Posterior dislocation of the hip injury more often. By dislocation of the hip towards the rear give a sharp bend or rotate the hip inward. In this case, the femoral head out of the acetabulum and breaks the back of the hip capsule. Posterior dislocations depending on the position of head of a sprained are the iliac and ischial.

The patient complains of pain in the hip. Position the injured leg depends on the type of dislocation. When the rear leg sprains patient bent his knee turned inward. When the iliac posterior dislocation bending legs less pronounced in the sciatic - more.

Anterior dislocation of the hip position characterized by the patient's leg, which turned out his knee, his leg bent at the knee and hip joints. Injured leg motion is impossible. If you try to forcibly turn the leg, there is springing resistance. Refine the diagnosis of X-ray examination. Dislocation of the hip can be combined with fractures of the acetabulum. As a first aid should be given pain medication and deliver in a hospital on a stretcher.
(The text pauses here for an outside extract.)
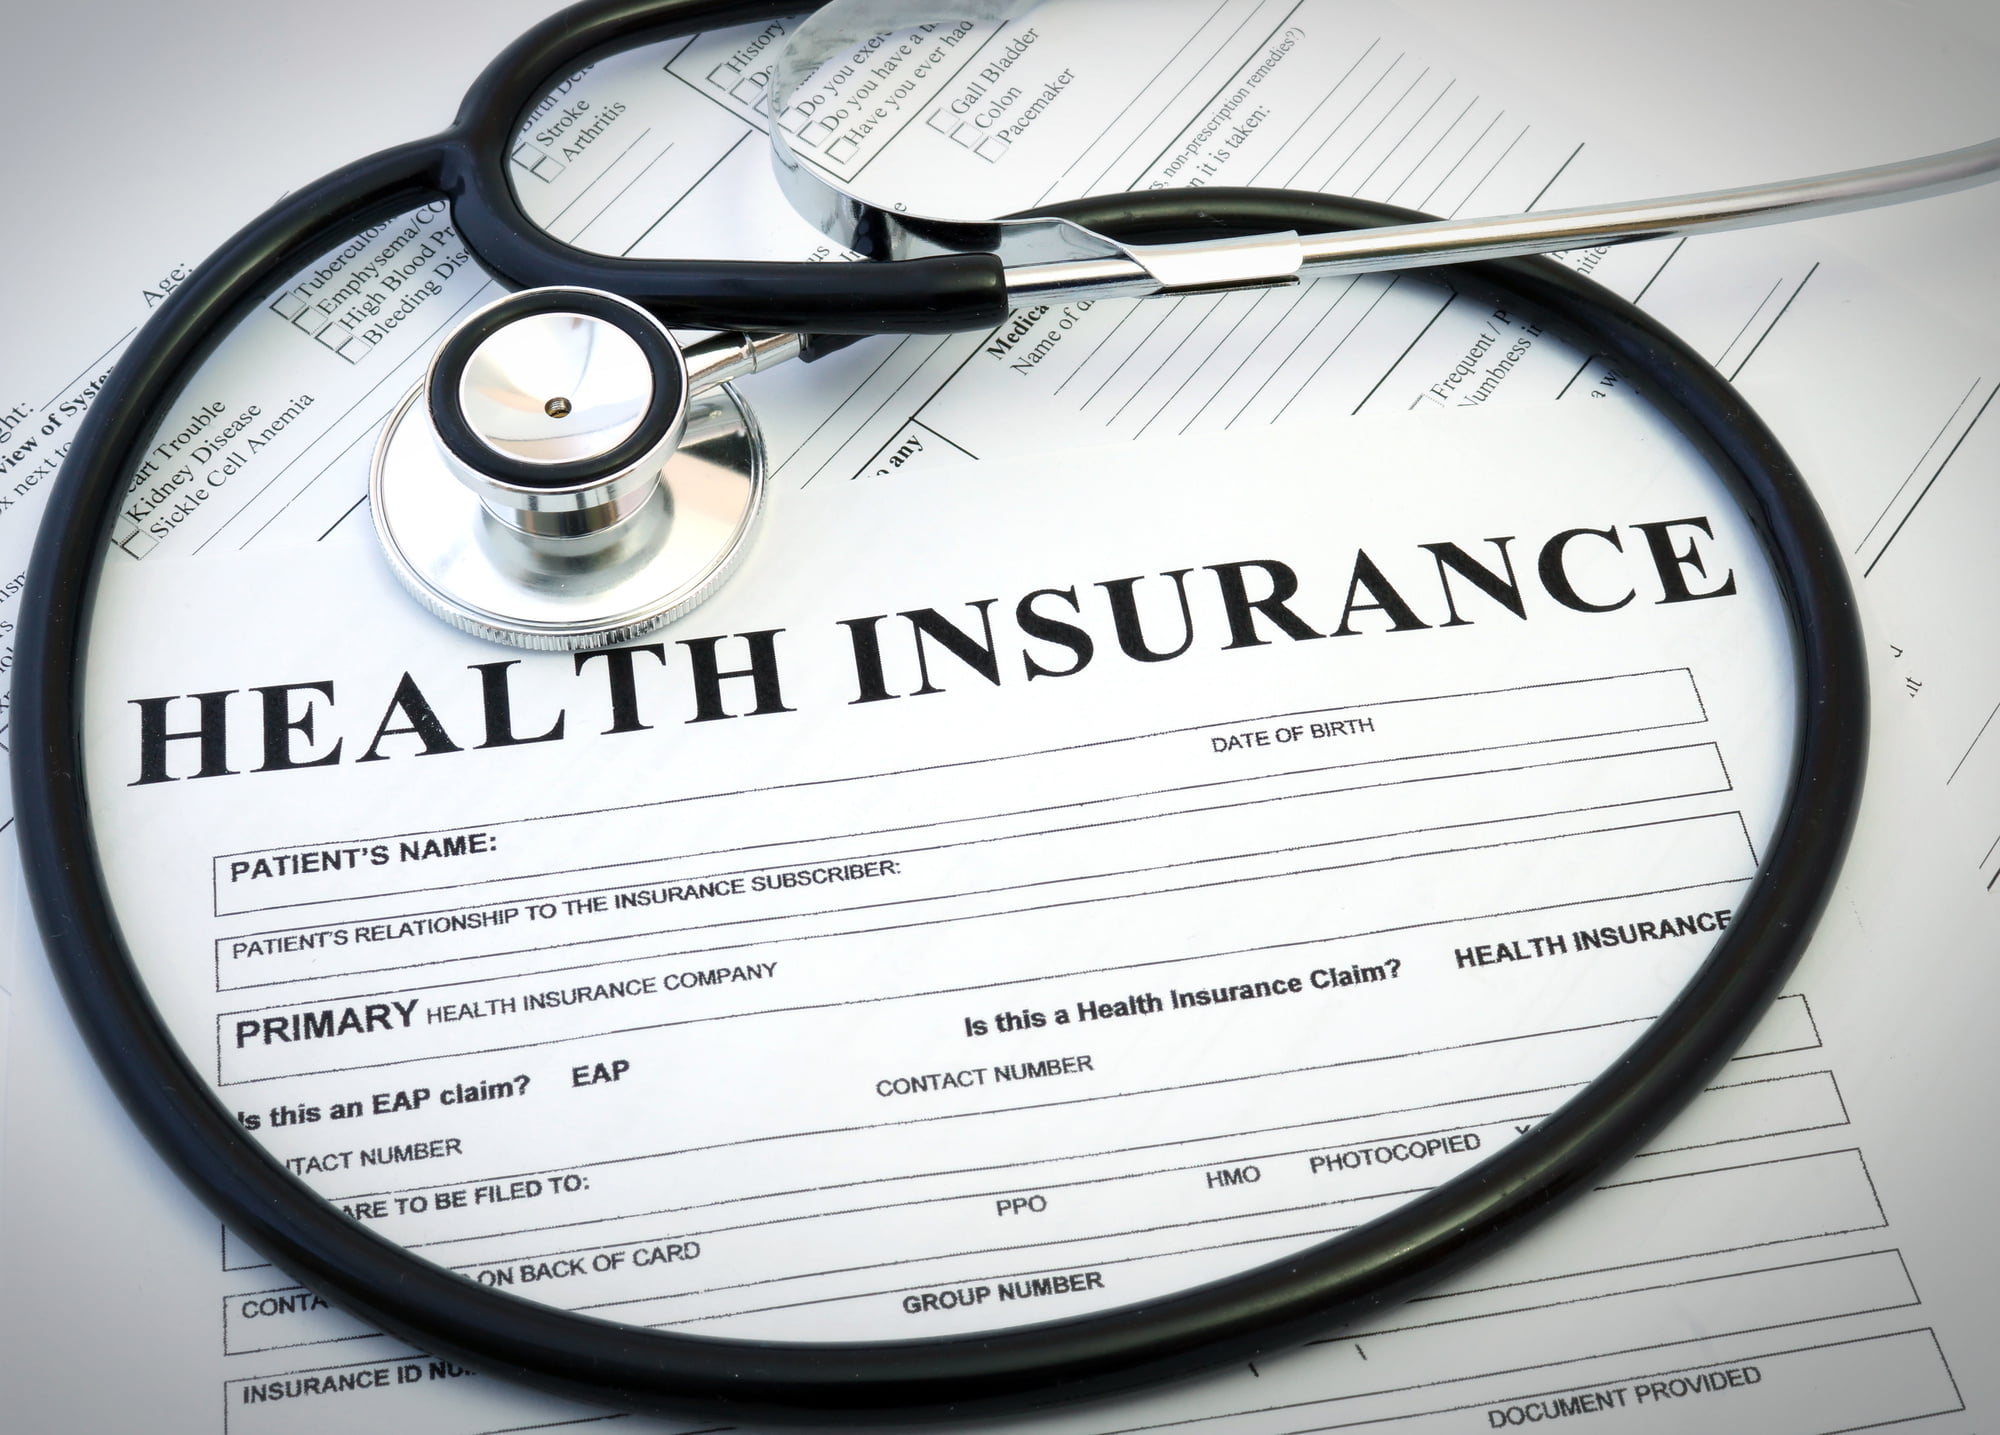 HMO vs PPO health insurance: How much do you know about the differences between the two? Read on to learn more about the differences between them.

Treatment of hip dislocation. To reposition hip dislocation requires anesthesia, because hip is in a large array of muscles and good relaxation can be achieved only with full anesthesia. There are several ways to reposition the hip dislocation. Methods are used primarily Janelidze-Collin, Kocher-Kefera, Depre-Bigelow. After reduction of dislocation foot is placed on a special bus with skeletal traction for 3-4 weeks. Applied exercise therapy and physiotherapy. Very often, after reduction dislocation of the hip in a patient develops degenerative changes in joints - coxarthrosis.